This past June the Supreme Court overturned mandatory life sentences without the possibility of parole for minors on the grounds that it constituted “cruel and unusual punishment” under the 8th amendment. This comes on the heels of similar humanitarian rulings, such as getting rid of the death penalty for the mentally disabled and persons who commit their offense when under the age of eighteen. The Supreme Court did leave the final power with the judge who may use a life without parole sentence if they see fit, still giving state courts an “out” in the treatment of minors as adults to the dismay of many human rights groups.
The human brain does not stop in it’s development until the age of twenty-three- according to neurologists. It also re-organizes itself during vital years like the teen years. Re-organization plus a rush of hormones can make these years quite dramatic – and full of poor judgment, as anyone who has ever lived with a teenager knows. If you couple this with the fact that the brain will fail to develop at this peak time unless it is properly stimulated and guided, you have a cocktail for disaster for those living without the privilege of a safe home life or education.
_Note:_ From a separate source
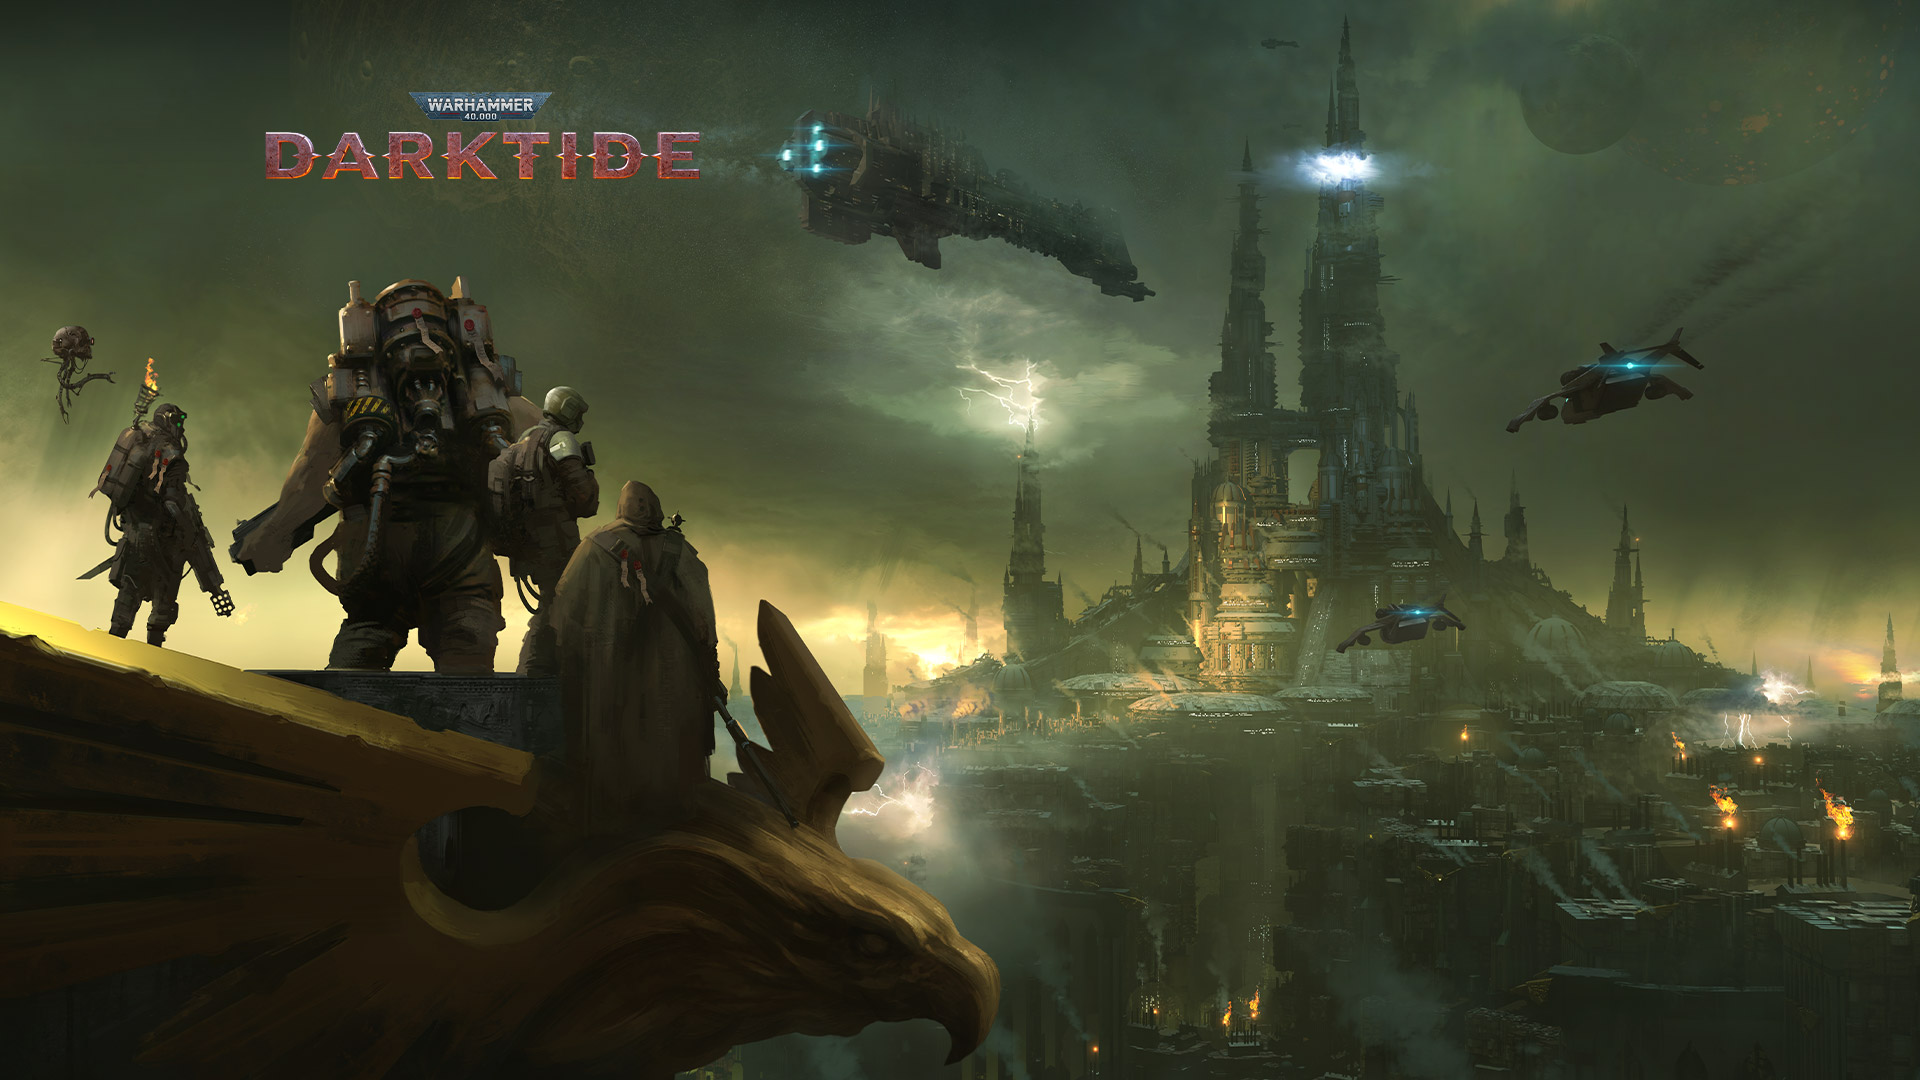 Warhammer 40.000 Darktide, eine Gruppe von Figuren überblickt eine in Nebel gehüllte Stadt.

Recent studies tell us that 70% of all juvenile offenders have reported something “bad or terrifying” happening to them in their lives, mainly witnessing the death or serious bodily harm of a loved one. The majority of these children are born addicted to drugs and alcohol, suffer physical., mental and sexual abuse from their caretakers and many have learning disabilities.
Cases involving juveniles sentenced to life run the gamut of violence: from Dominic C., who at the age of fourteen lured another fourteen year old to his Florida condo and beat him to death with fifty blows from a baseball bat for stealing marijuana – to Mike S. who sat in a van at the age of fourteen while his older brother and friends robbed and murdered a store owner.
While the ruling appears to be a step in the right direction as far as human rights watchers are concerned, an old problem remains at large: The rehabilitation of children with dangerous and violent pasts. Many children are housed right along with adults, and subjected to all kinds of violence including torture and rape. One young man, incarcerated to life behind bars at the age of fourteen, was forced by the adult inmates who used him for sex to have their names tattooed on his body to show their “ownership” of him. He was also targeted by guards for beatings due to his low standing in the prison “flow chart”. Another young offender tells the story of how at the age of fifteen, he was brought by guards to a cell with three adult inmates, given a drink (presumably with a narcotic in it) and then forcibly raped. Juvenile facilities (which tend to be overcrowded) fare no better, with high incidents of violence and substance abuse. They also tend to serve as a training ground for more violent and calculated crime upon the offenders release. They are severely lacking in education, with only 46% of juvenile offenders attending classes. Criminologists have reported that incarcerating young people actually slows down the maturation process and have found that those who spend time in a correctional facility are more likely to re-offend and offenders who are not incarcerated but are given mandatory therapy or work with drug and alcohol counselors are less likely to re-offend and “age out” of their criminal behavior.
Of course, there are states who are trying to fight this new ruling, most notably Wyoming – where three teenage boys (ranging in ages 15-18) were sentenced to life without the possibility of parole for a home invasion where the fifteen year old shot a man to death. There is no doubt that courts across the United States recognize the fact that children cannot be held accountable the same way that adults can. But the question remains open as to a solution. Simply loosening the mandatory sentences of life without parole is not even a drop in the ocean of the vast and epic fails of a pubic system gone haywire when it comes to the rehabilitation of young offenders. If anyone taught us that it’s Lionel Tate, who at the age of twelve violently killed a six year old girl his mother was babysitting. Claiming he was doing “wrestling moves” on her the girl wound up dead, with a fractured skull and ruptured spleen. Tate was charged as an adult and sentenced to life (which even shocked the prosecution). With an IQ of 90, and a baby face, Tate garnered a lot of sympathy from the public and courts- his case was overturned and he was released. He consequently violated his parole multiple times (once for carrying a knife) and finally at the ripe old age of eighteen was arrested for holding up a delivery man at gunpoint.
One of the most notorious cases of teen killers is the case of Charles Starkweather (eighteen) and his girlfriend Caril Ann Fugate (fourteen) who murdered eleven people on a spree that lasted two months. Starkweather was sentenced to die (and did via electric chair after seventeen months in prison) while his girlfriend served seventeen years, was released, worked as a medical assistant and married in 2007. She hasn’t had so much as a parking ticket.
There are victims to think about. The crimes that lead to a mandatory sentence are usually unspeakably violent – involving the brutal rape and murder of innocent people. How is justice served if the punishment does not fit the crime? Who wants to live next to someone who raped and murdered a seven year old, or who beat someone to death with a baseball bat?
The Supreme Court ruling will no doubt be the source of many an appeal across the country but the greater issue has yet to be tackled, rehabilitation.